Ma quanti sono i bambini con Disturbi specifici dello sviluppo (Dsa) in Italia? “Dai numeri sembriamo tutti dislessici. Si leggono percentuali di incidenza che variano dal 5 al 20%, ma in realtà si tratta di dati improbabili. Dovremmo soffermare l’attenzione sui criteri con cui vengono svolte le diagnosi sui Dsa, perché la valutazione numerica e la descrizione di un comportamento non determinano l’eziologia di quel problema”. La pensa così Federico Bianchi di Castelbianco, psicoterapeuta dell’età evolutiva e direttore dell’Istituto di Ortofonologia (IdO), che il 10 novembre a Roma presenterà il XV° convegno nazionale su ‘Le dislessie. Il ruolo della scuola nella complessità degli apprendimenti’, presso l’Istituto Regina Elena.

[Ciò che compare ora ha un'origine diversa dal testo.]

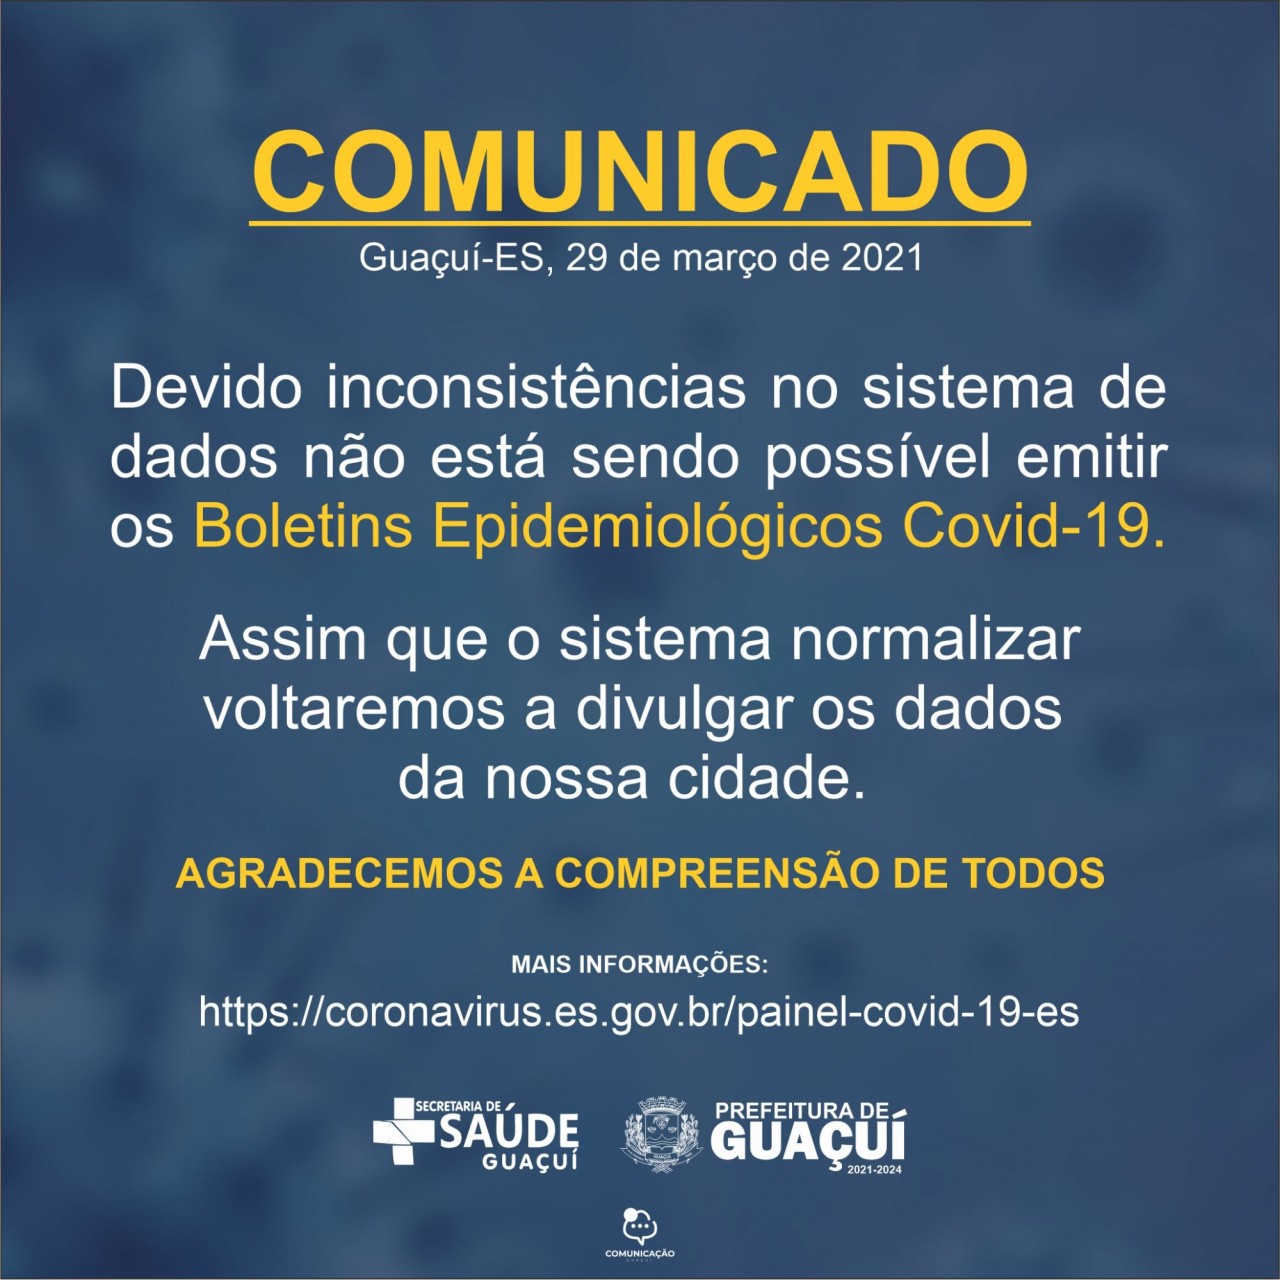 COMUNICADO - Guaçuí-ES, 29 de março de 2021

“Anche nei test della dislessia – spiega lo psicoterapeuta - non si cerca di capire qual è l’origine della difficoltà ma si va a vedere in quanto tempo il bambino compie l’errore e di che errore si tratta. Questa però - ha precisato - è sempre una descrizione e non una diagnosi e la potrebbero fare tutti, a partire dalle insegnanti”. Una valutazione efficace, sottolinea l’esperto, “dovrebbe vedere ciò che si cela dietro il problema andando oltre la sua manifestazione. Infatti al convegno noi parleremo delle ‘Dislessie’ poiché sono varie le cause che possono determinare un disturbo di apprendimento e capirle ci aiuterebbe a curarlo in modo tempestivo ed efficace”.
Ma c’è anche un’altra idea, che sta circolando all’interno di una corrente di specialisti, su cui l’IdO ha un’opinione differente e che riguarda la convinzione che un disturbo del comportamento, o la dislessia, abbia un’origine unicamente di tipo genetico. “Dire questo - per Castelbianco -
significherebbe escludere ogni altra causa e determinare un’etichetta inamovibile che condizionerebbe negativamente la vita dei bambini a cui è stata data”.